*** Input data ***

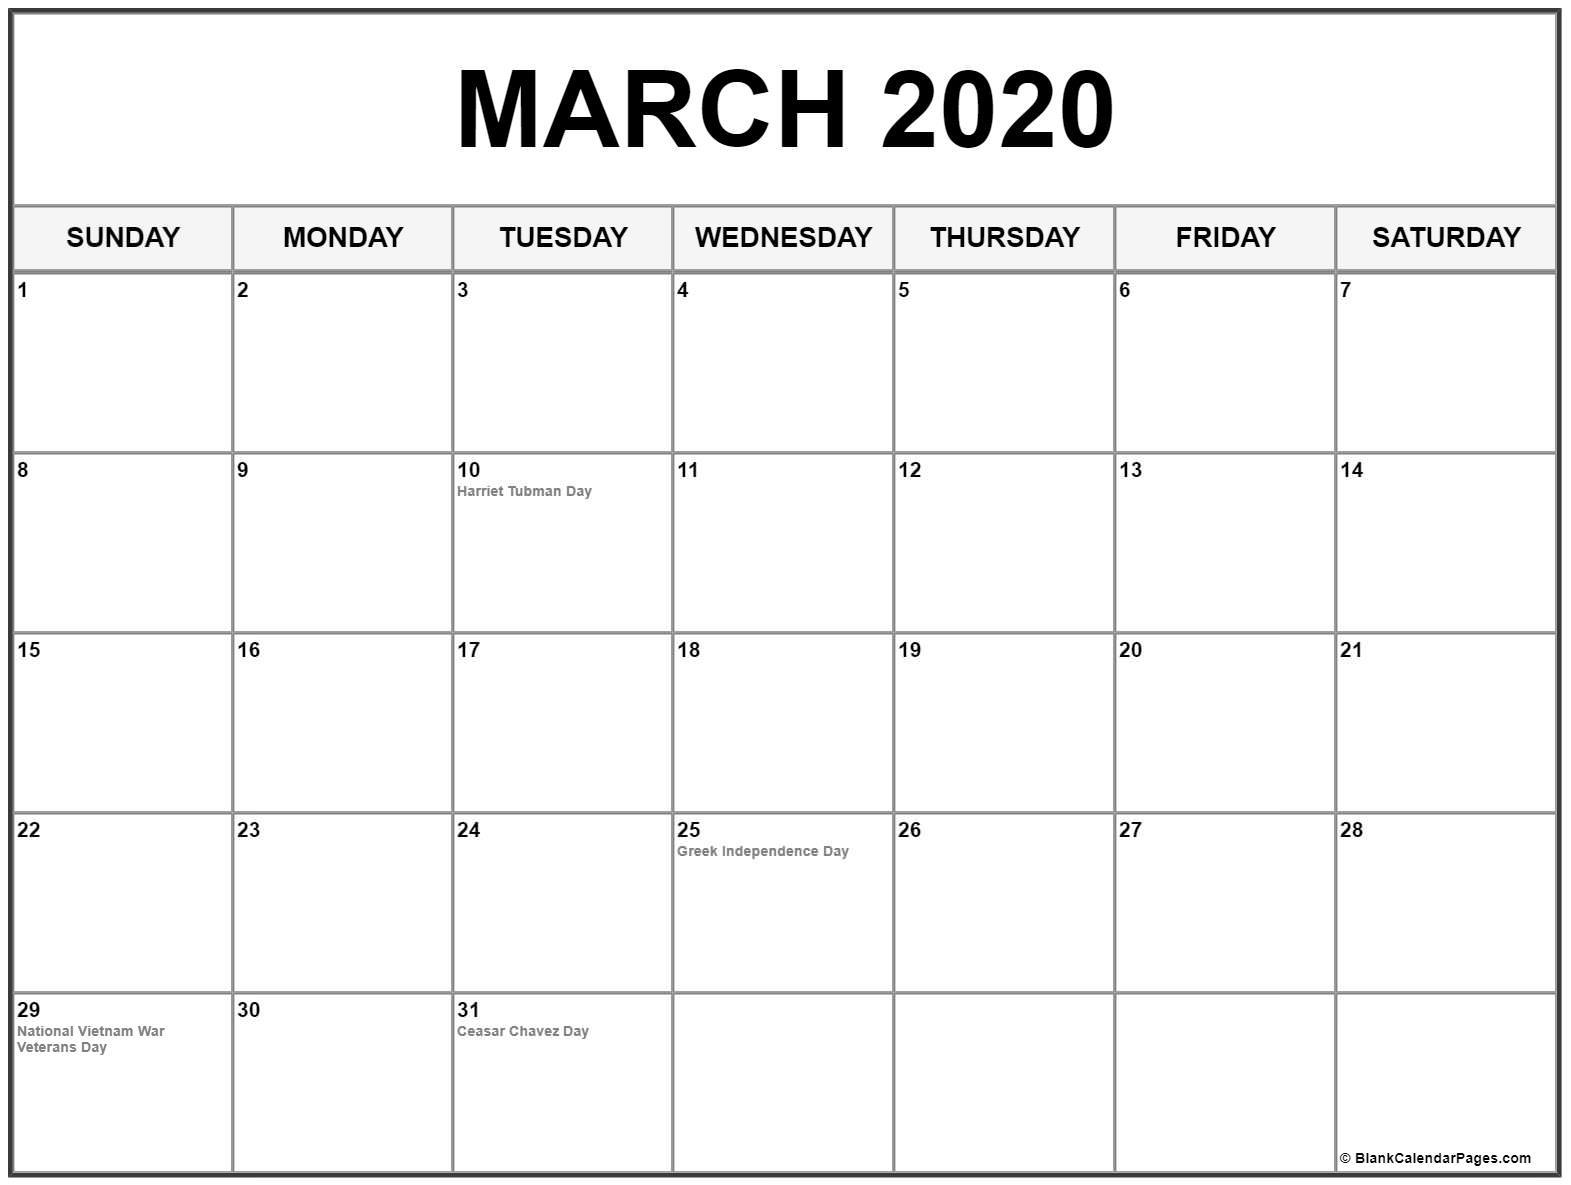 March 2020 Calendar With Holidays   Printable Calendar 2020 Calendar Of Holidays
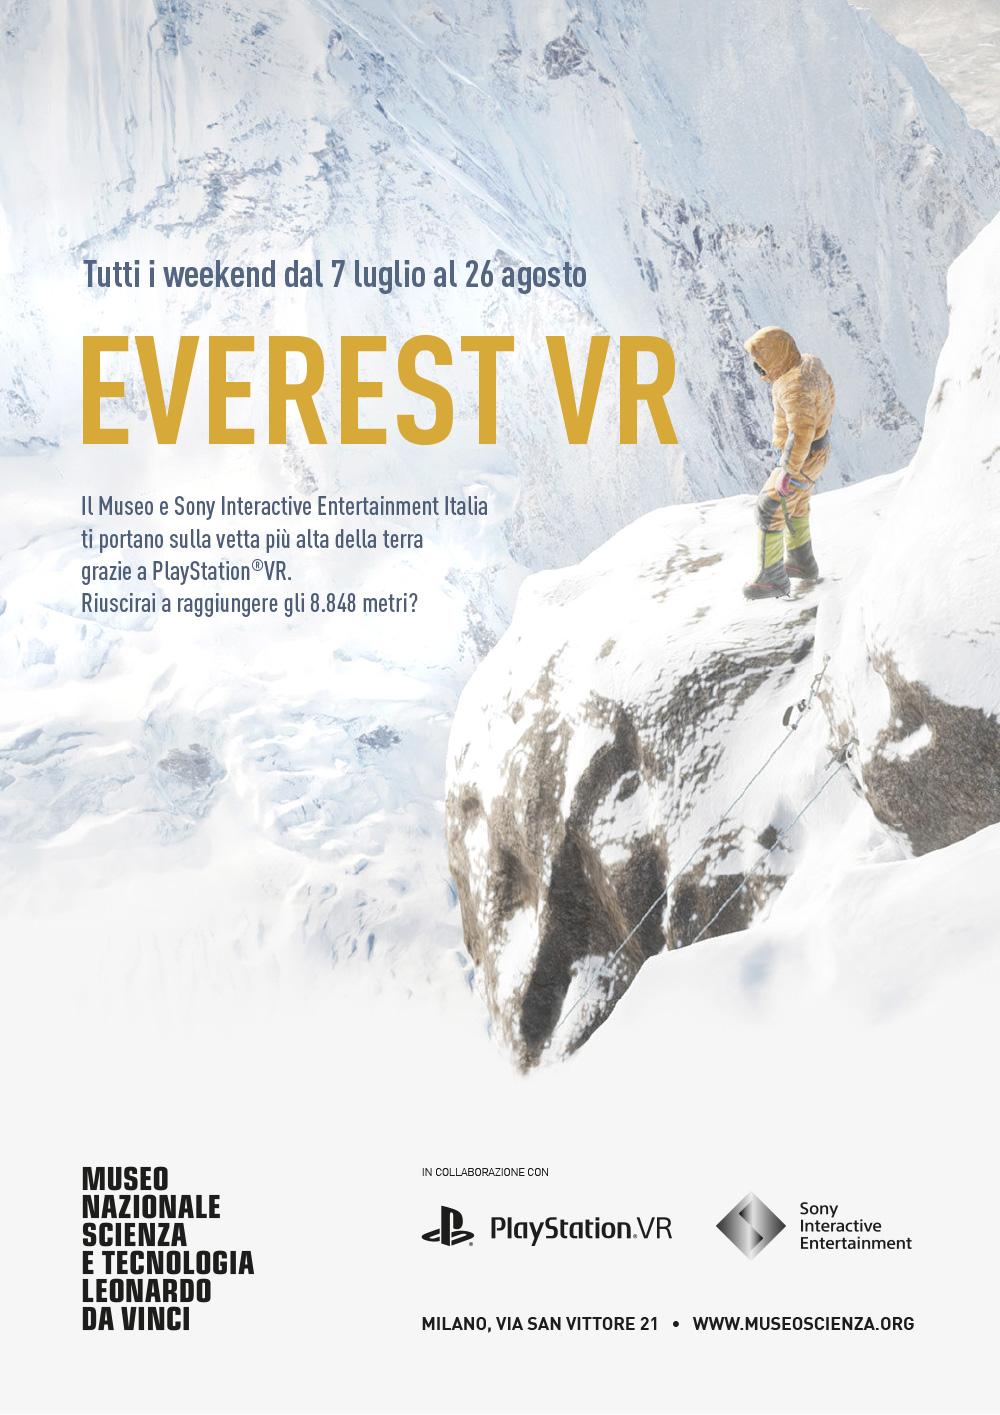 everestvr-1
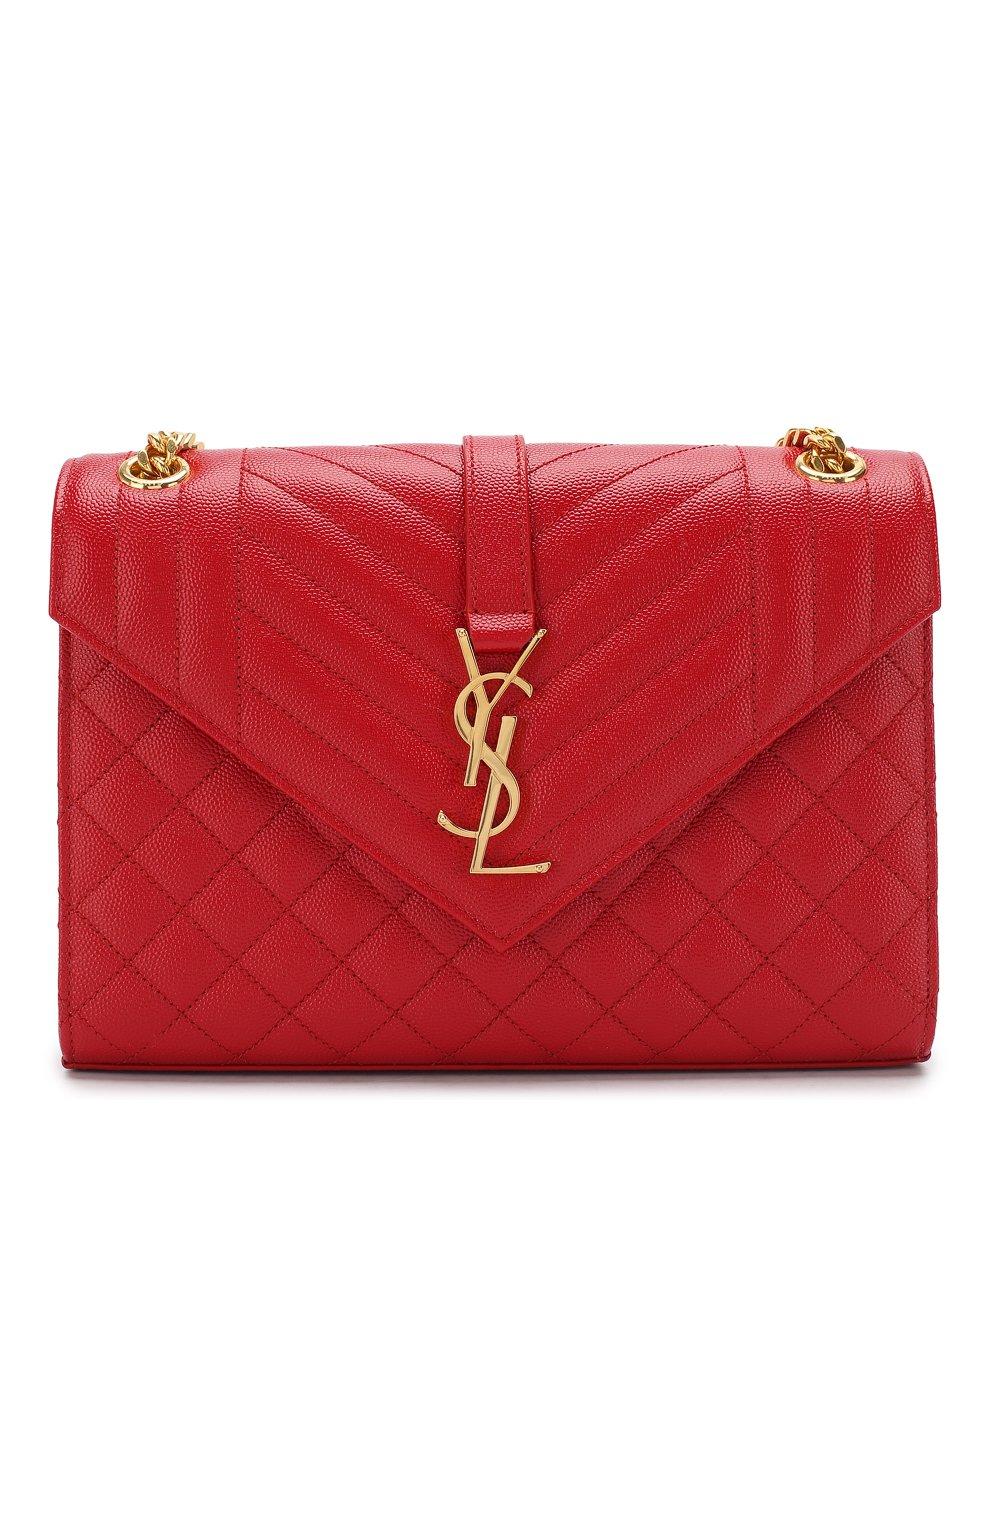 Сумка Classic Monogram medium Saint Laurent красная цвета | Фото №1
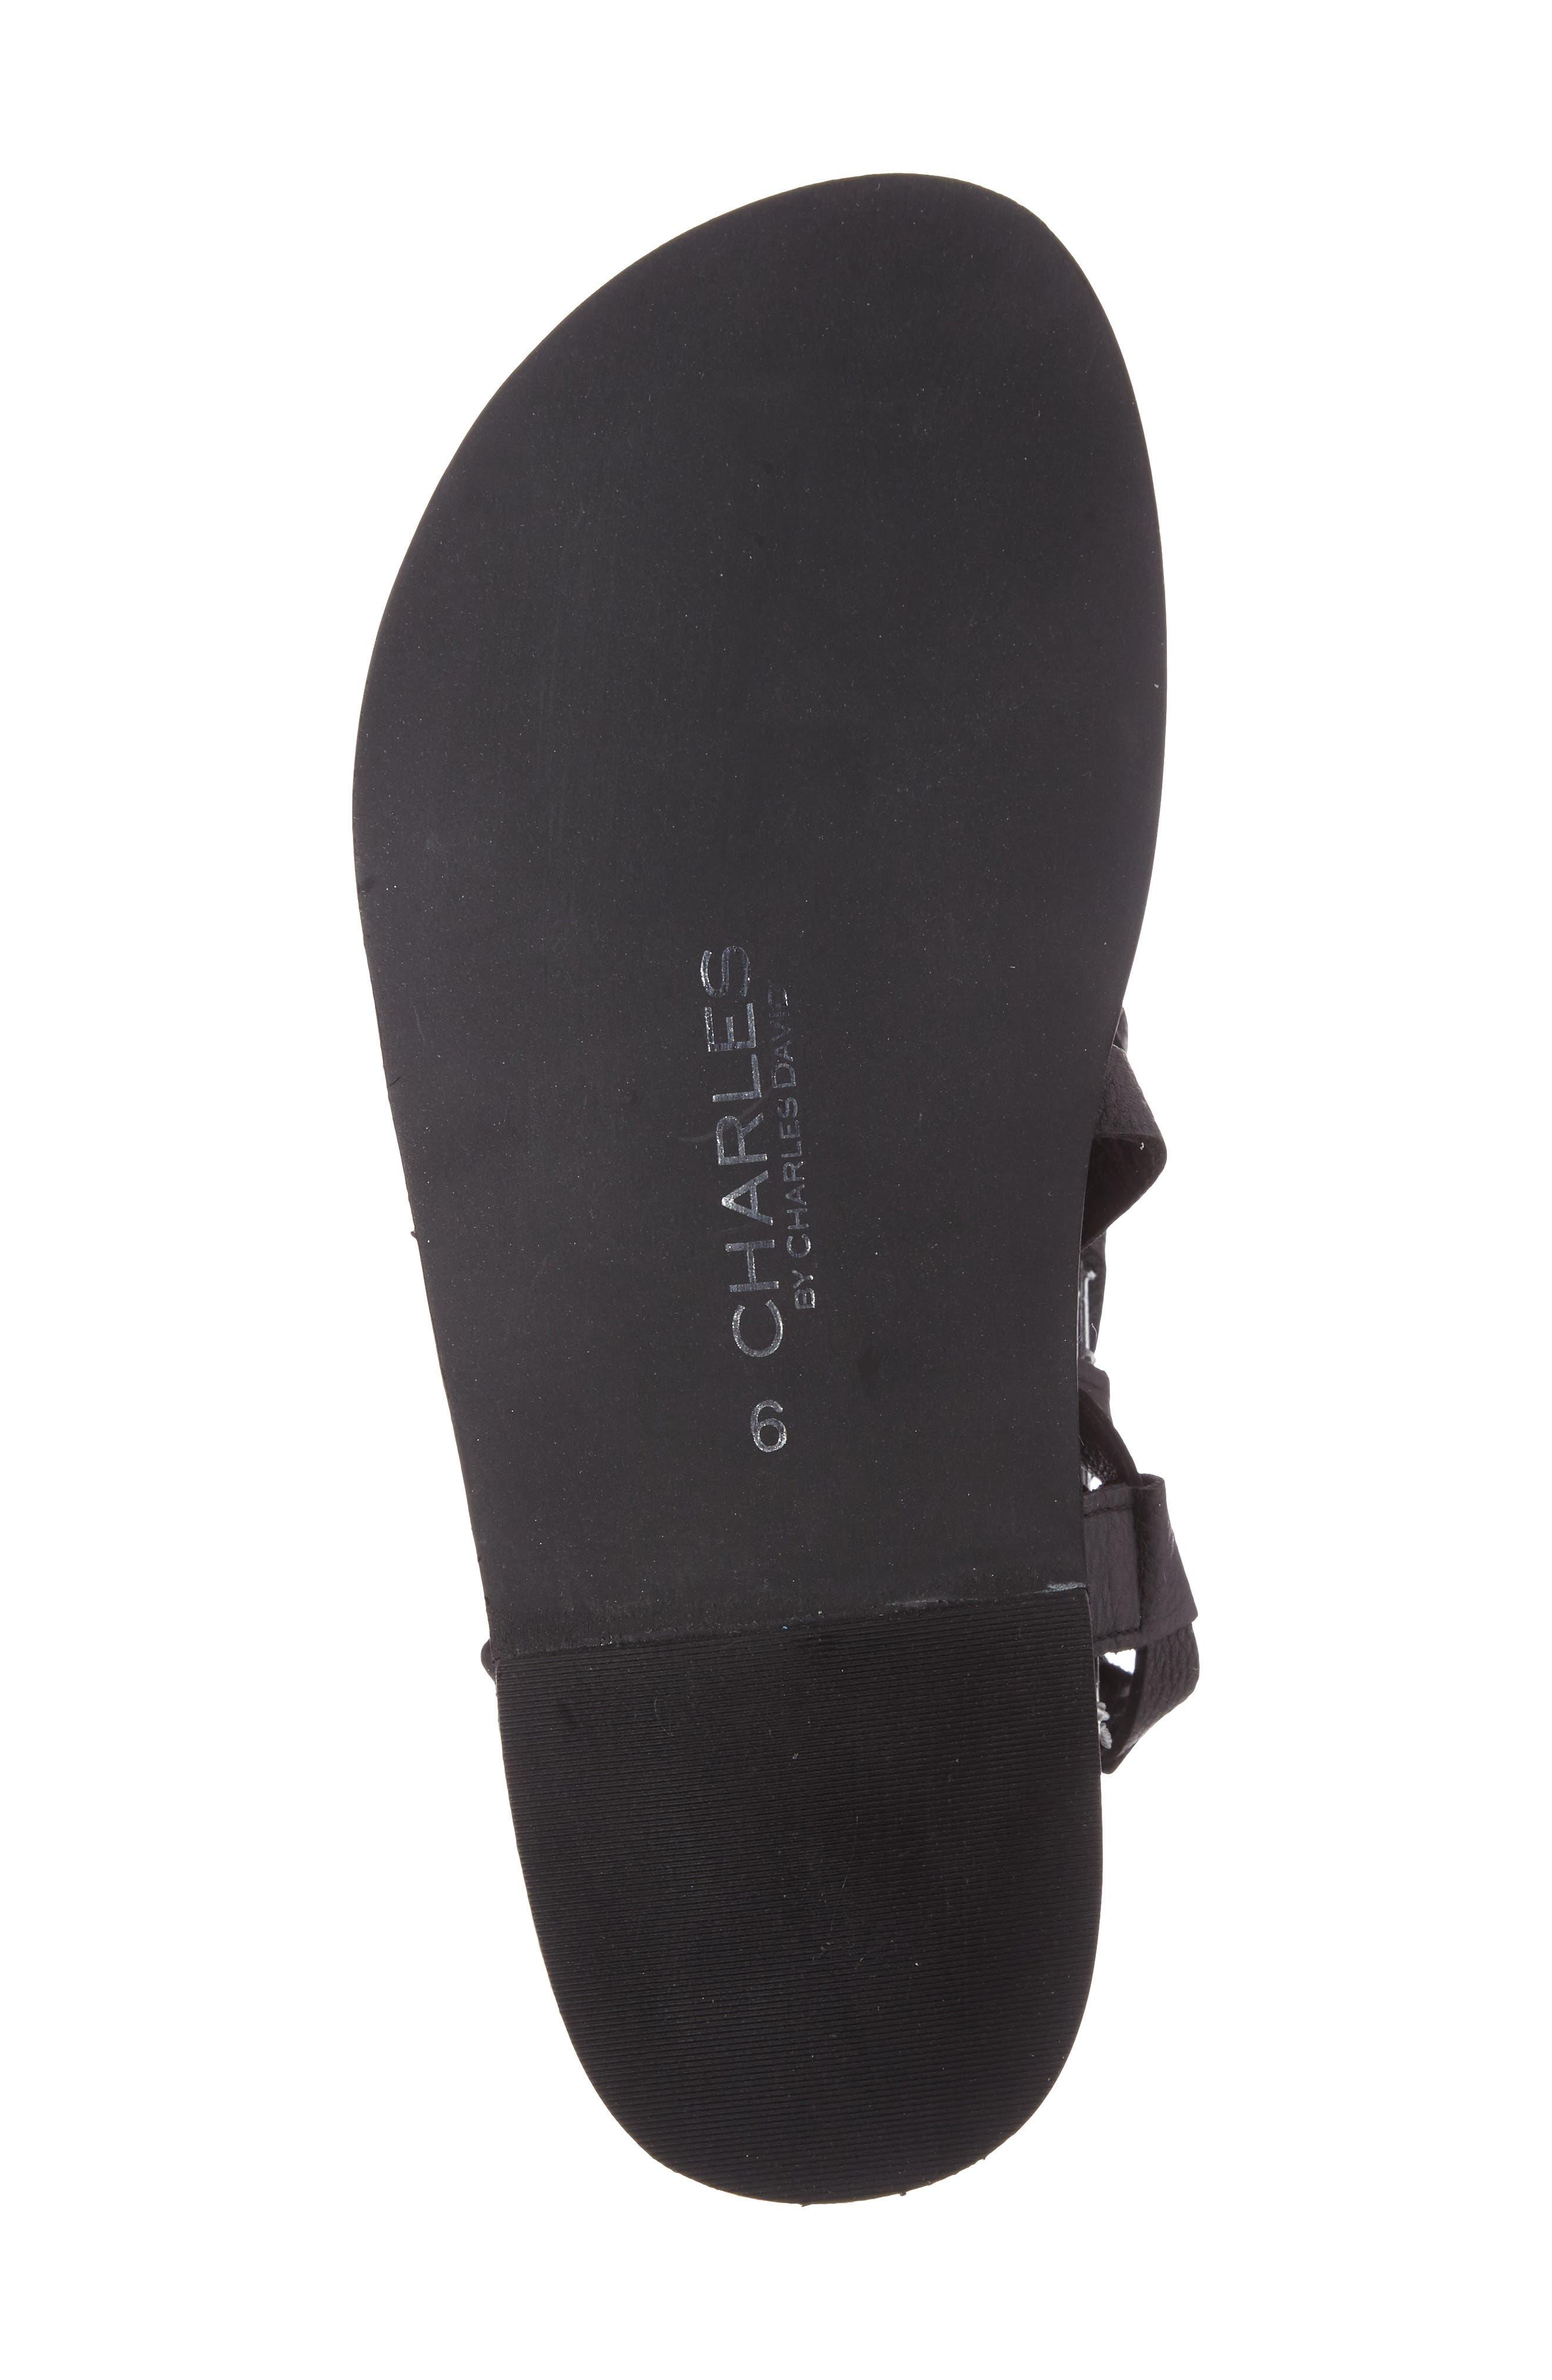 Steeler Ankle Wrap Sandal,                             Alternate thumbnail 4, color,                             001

*** End of Input data ***

_Work instructions_
From the first line above down to the line with "Сумка Classic Monogram", reproduce every line and no others, omitting pictures.

_Solution for this problem_
 March 2020 Calendar With Holidays   Printable Calendar 2020 Calendar Of Holidays
 everestvr-1
 Сумка Classic Monogram medium Saint Laurent красная цвета | Фото №1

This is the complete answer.